Exercise requirements:
Line by line, repeat the material below exactly and skip the images.

Recorded information:
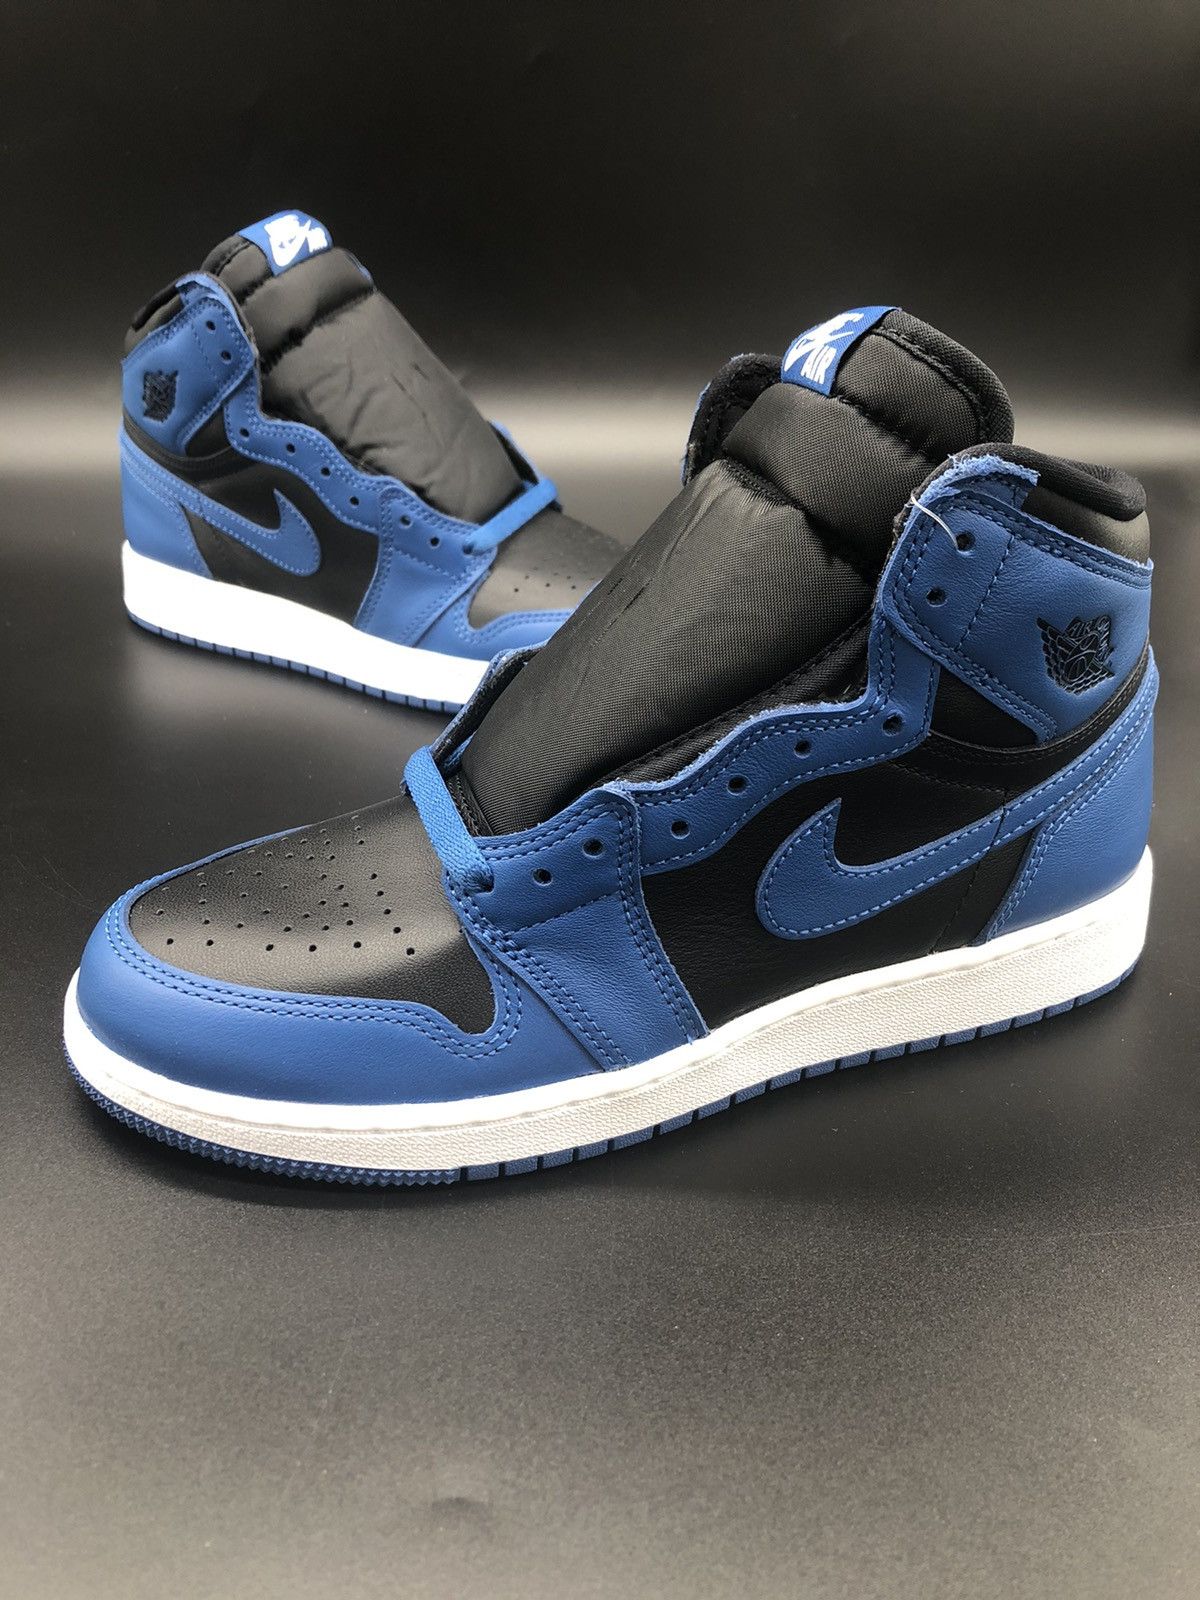 Pre-owned Jordan Brand 1 Retro High Og Dark Marina Blue (gs) Shoes
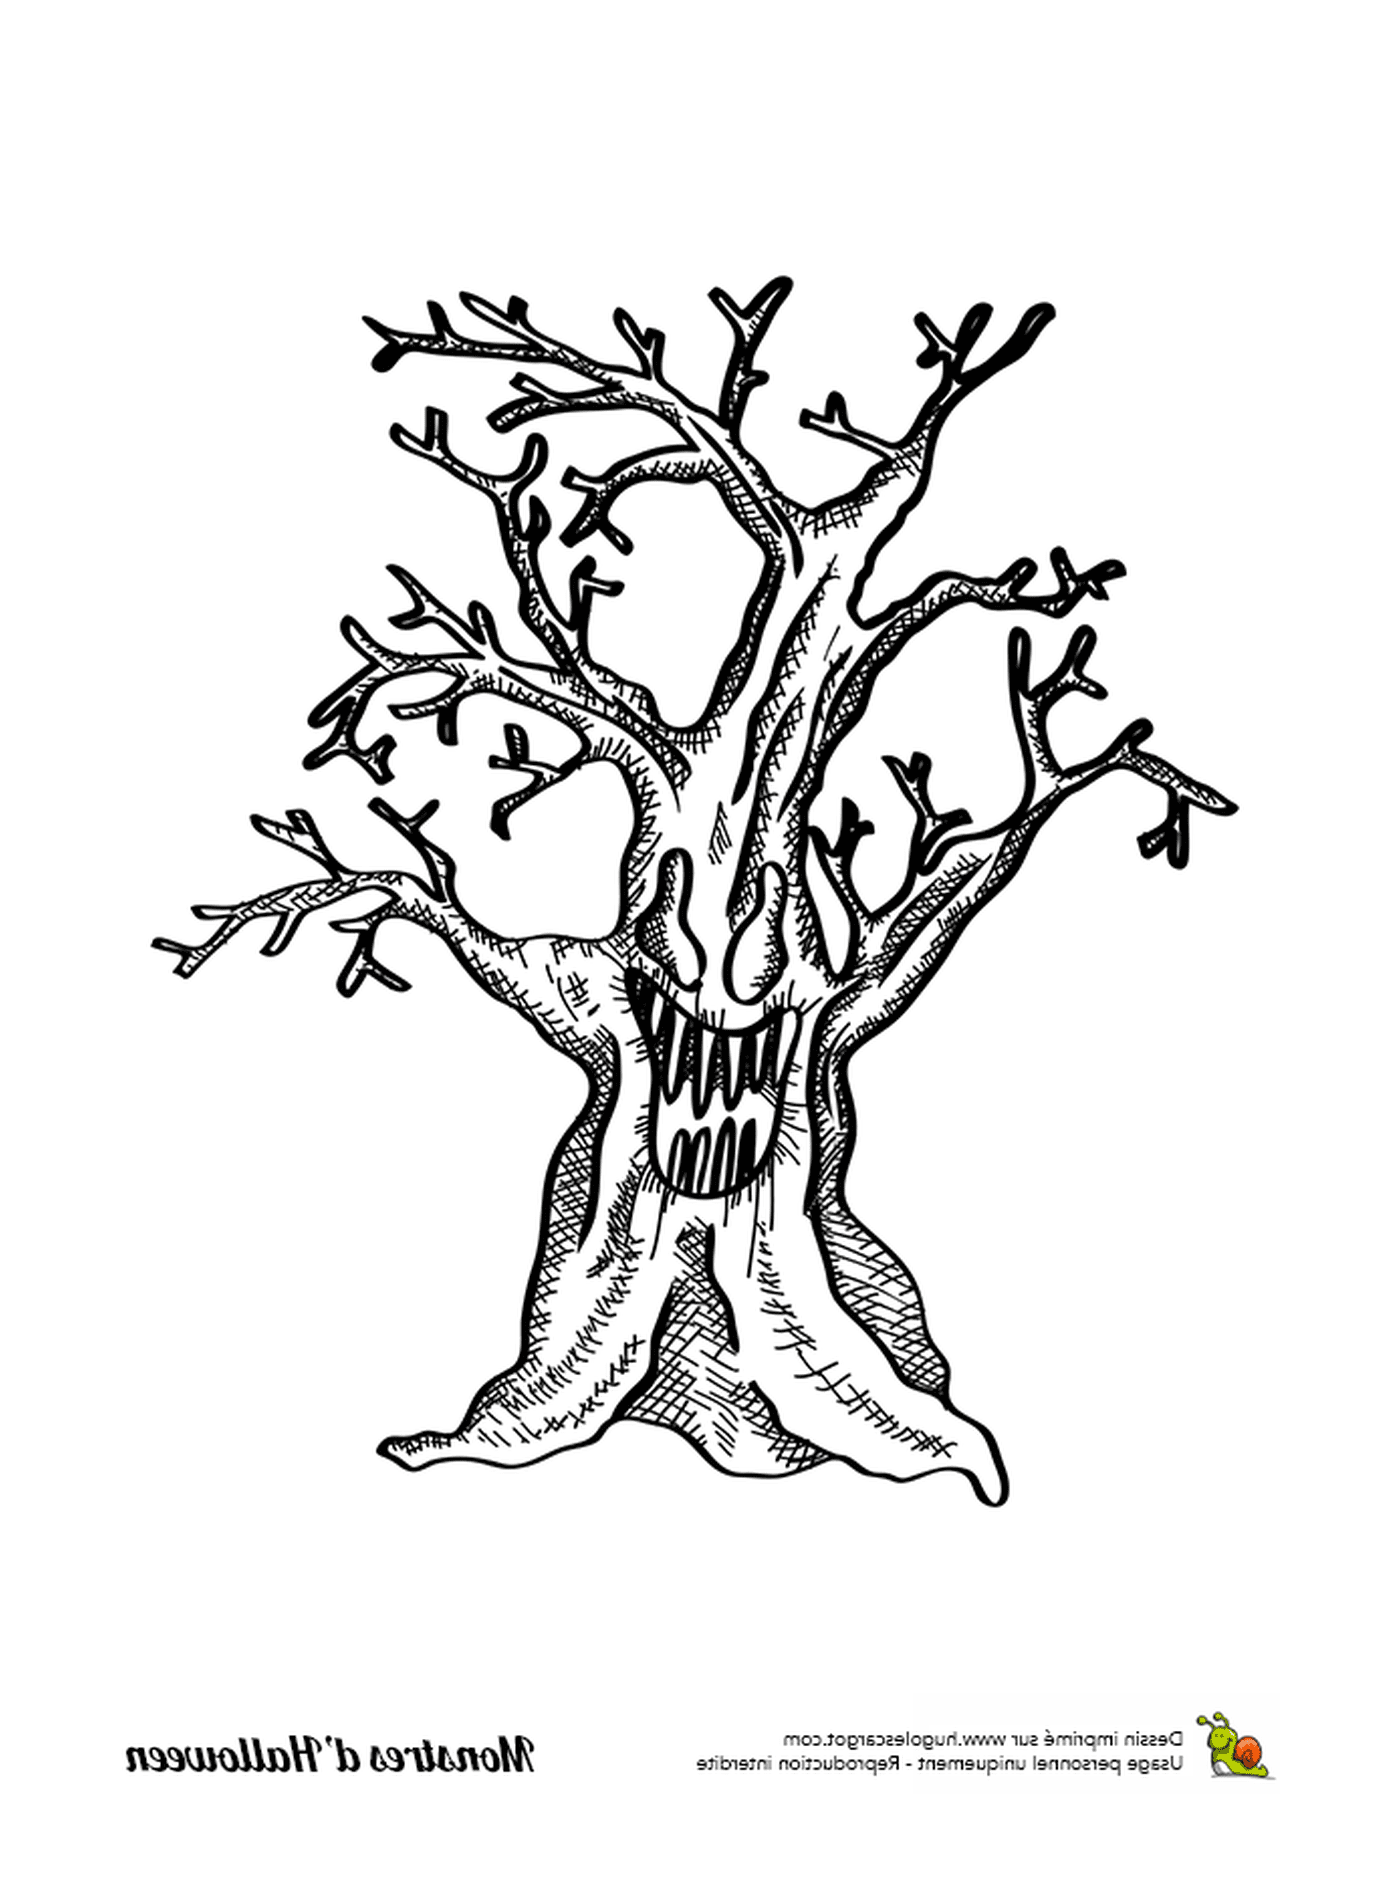  Uma tinta, uma árvore velha sem folhas 
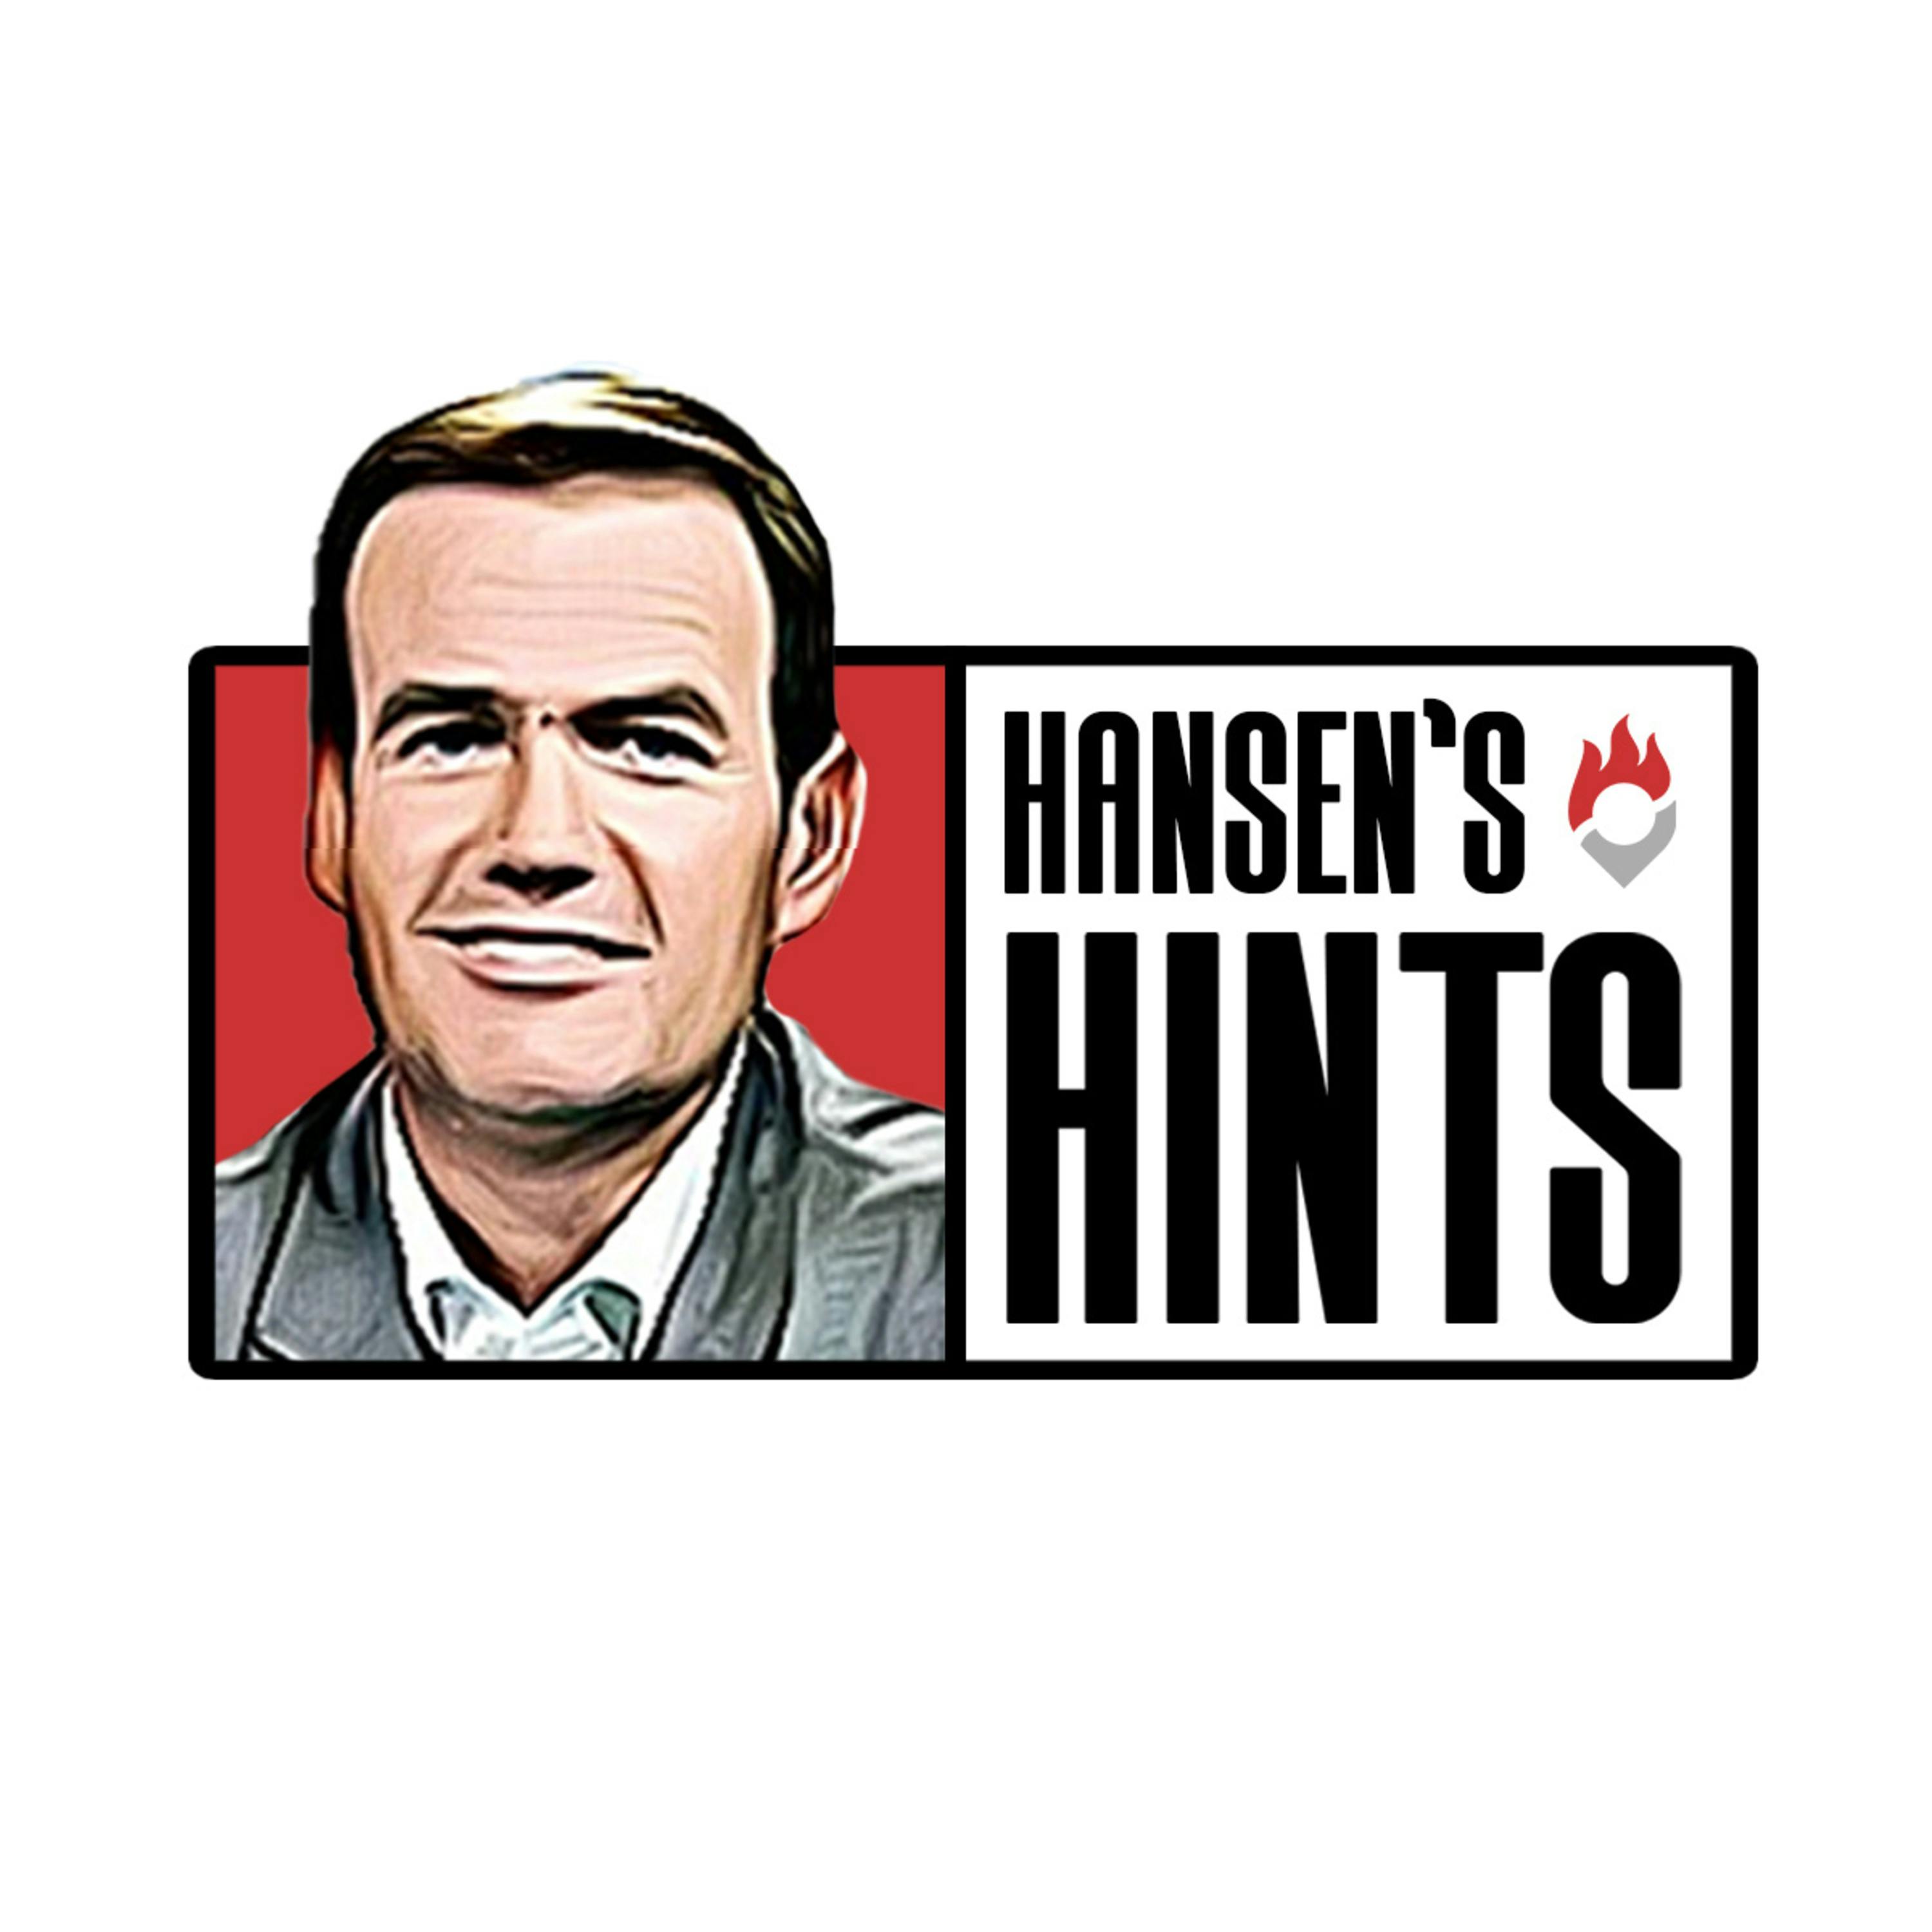 Guru's Week 17 Preview | Hansen's Hints Podcast

Exercise result:
 Pre-owned Jordan Brand 1 Retro High Og Dark Marina Blue (gs) Shoes
  Uma tinta, uma árvore velha sem folhas 
 Guru's Week 17 Preview | Hansen's Hints Podcast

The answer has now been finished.